Versions (relevant - OpenSearch/Dashboard/Server OS/Browser):
Opensearch Helm Chart version: 2.27.1, appVersion: 2.18.0
Opensearch-Dashboards Helm Chart version: 2.25.0, appVersion: 2.18.0
Jaeger Helm Chart version: 3.3.3, appVersion: 1.53.0
DataPrepper Helm Chart version: 0.1.0, appVersion: 2.8.0
Describe the issue:
I have a setup with instrumented applications using OpenTelemetry (Otel) agents, which push traces to an Otel collector. The Otel collector sends data to both Jaeger and DataPrepper. However, I am noticing a difference in the behavior of the same traces when viewed in OpenSearch Dashboards depending on the data source selected (Jaeger vs. DataPrepper).

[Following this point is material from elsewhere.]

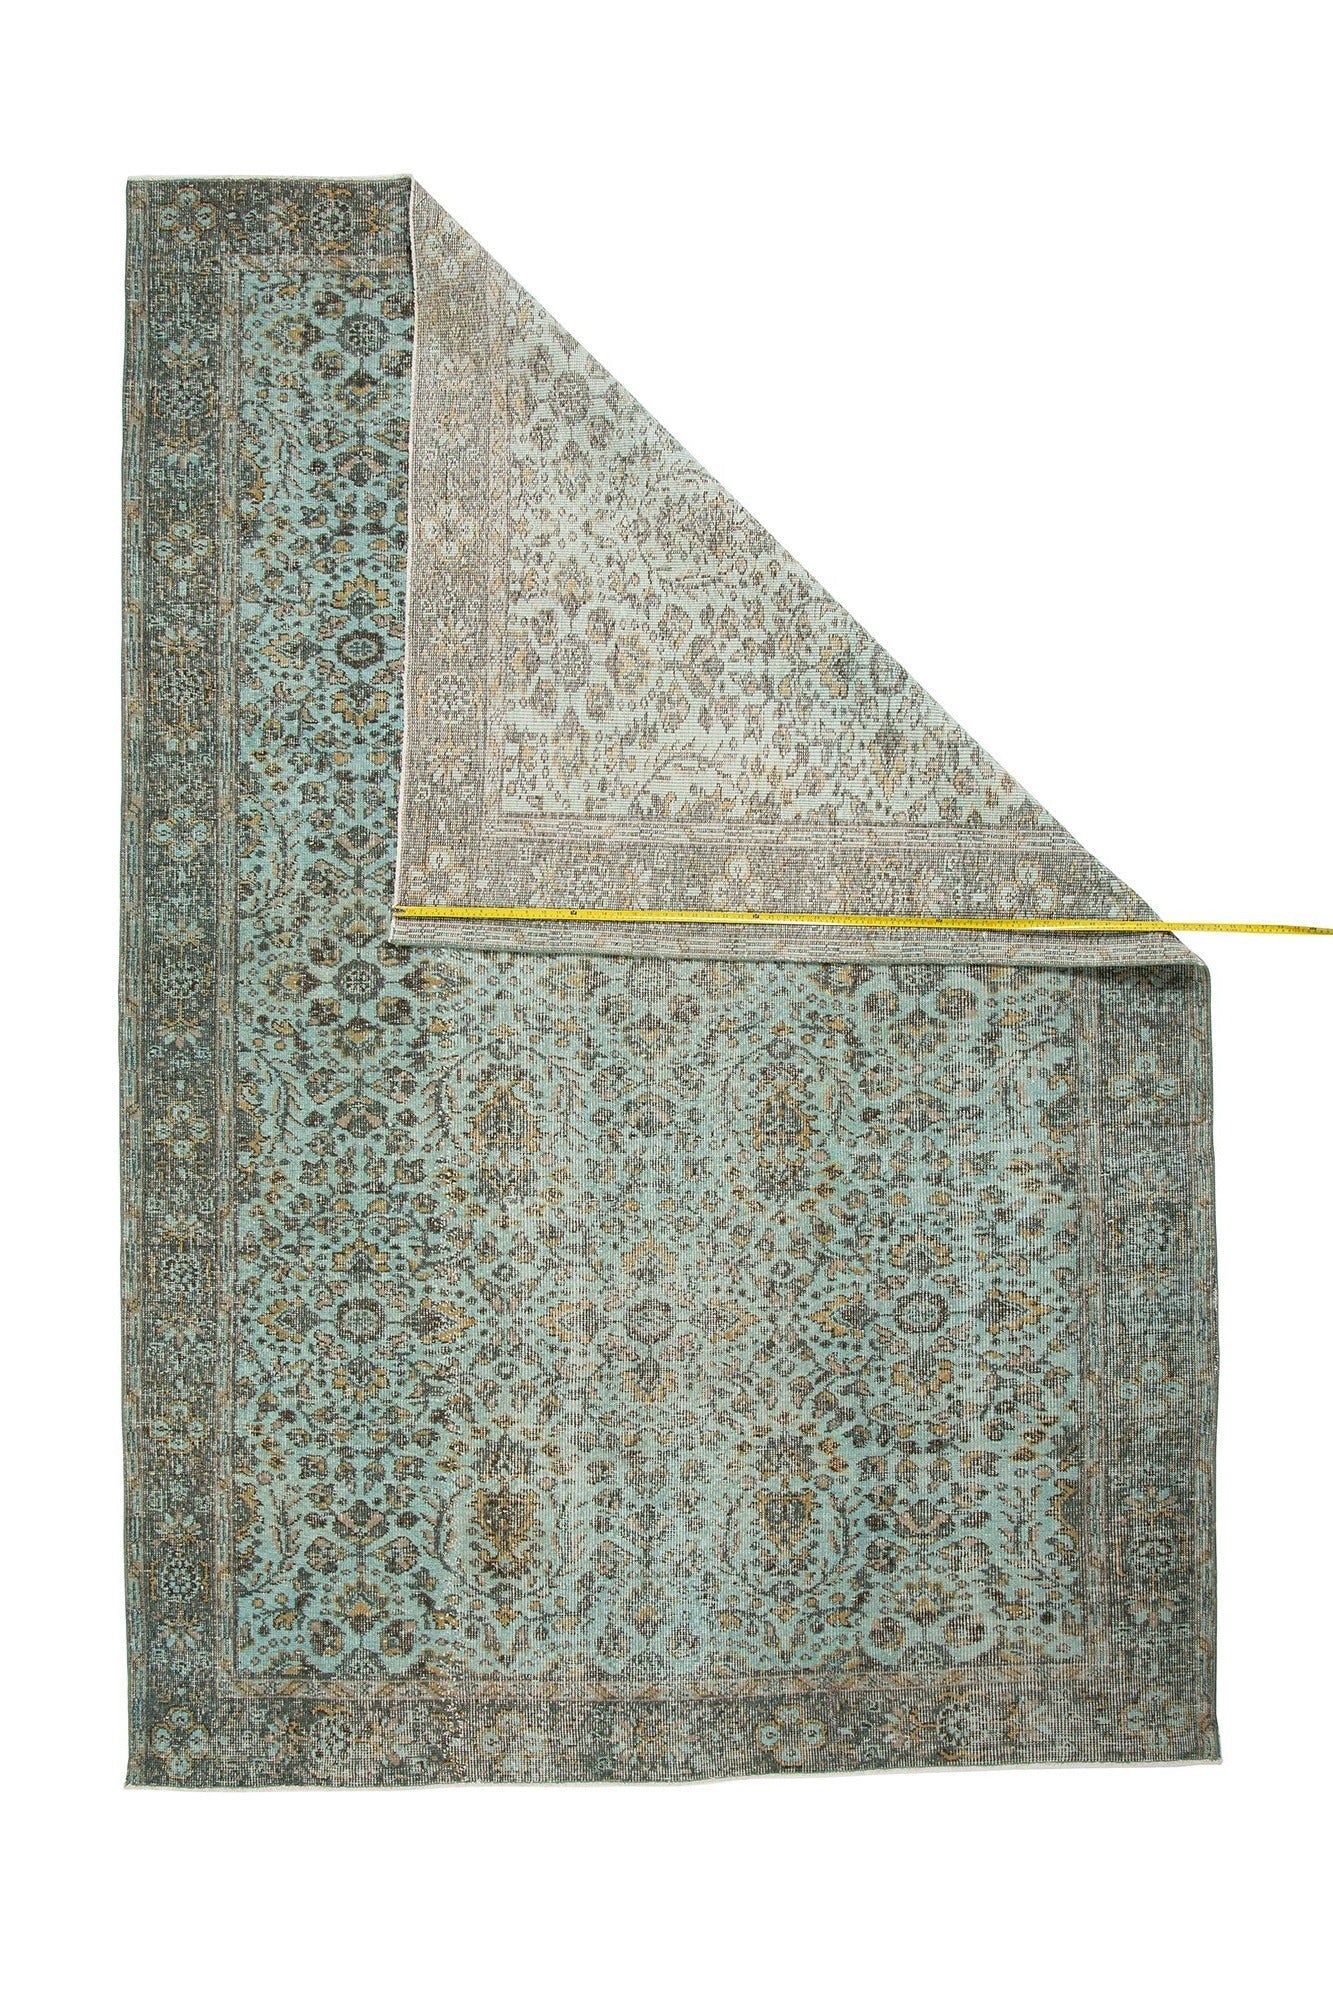 Handmade Turkish Vintage Wool Carpet Traditional Floral  Design product image #27556195664042

Specifically, when I select DataPrepper as the data source, I do not see the entire trace being marked as a trace with errors, and the errors are not displayed on the dashboard. In contrast, when using Jaeger as the data source, the errors are correctly visualized, and the entire trace is marked as an “error trace” if any span within the trace contains an error.
Configuration:
Jaeger:
jaeger:
agent:
enabled: false
provisionDataStore:
cassandra: false
elasticsearch: false
collector:
enabled: true
annotations: {}
image:
registry: ""
repository: jaegertracing/jaeger-collector
tag: ""
digest: ""
envFrom: []
cmdlineParams: {}
basePath: /
replicaCount: 1
service:
otlp:
grpc:
name: "otlp-grpc"
port: 4317
http:
name: "otlp-http"
port: 4318
serviceAccount:
create: true
storage:
type: elasticsearch
elasticsearch:
scheme: http
host: opensearch-cluster-master.opensearch-otel.svc.cluster.local
port: 9200
anonymous: true
usePassword: false
- name: SPAN_STORAGE_TYPE
value: "opensearch"
- name: ES_TAGS_AS_FIELDS_ALL
value: "true"
tls:
enabled: false
DataPrepper:
config:
otel-trace-pipeline:
delay: "1000"
source:
otel_trace_source:
ssl: false
buffer:
bounded_blocking:
buffer_size: 10240
batch_size: 160
sink:
- pipeline:
name: "raw-traces-pipeline"
- pipeline:
name: "otel-service-map-pipeline"
raw-traces-pipeline:
source:
pipeline:
name: "otel-trace-pipeline"
buffer:
bounded_blocking:
buffer_size: 10240
batch_size: 160
processor:
- otel_trace_raw:
- otel_trace_group:
hosts: [ "http://opensearch-cluster-master:9200" ]
insecure: true
sink:
- opensearch:
hosts: [ "http://opensearch-cluster-master:9200" ]
insecure: true
index_type: trace-analytics-raw
otel-service-map-pipeline:
delay: "1000"
source:
pipeline:
name: "otel-trace-pipeline"
buffer:
bounded_blocking:
buffer_size: 10240
batch_size: 160
processor:
- service_map_stateful:
window_duration: 300
sink:
- opensearch:
hosts: [ "http://opensearch-cluster-master:9200" ]
insecure: true
index_type: trace-analytics-service-map
index: otel-v1-apm-span-%{yyyy.MM.dd}
#max_retries: 20
bulk_size: 4
Relevant Logs or Screenshots:
DataPrepper source. Error in span, but not all trace marked with Error, and no statistics observed.
But simultaniously in Jaeger source. Error is observed in span and the whole trace marked with error (in the right top corner, next capture)
The same source, same traceID
Please share your suggestions on how to fix it. Thanks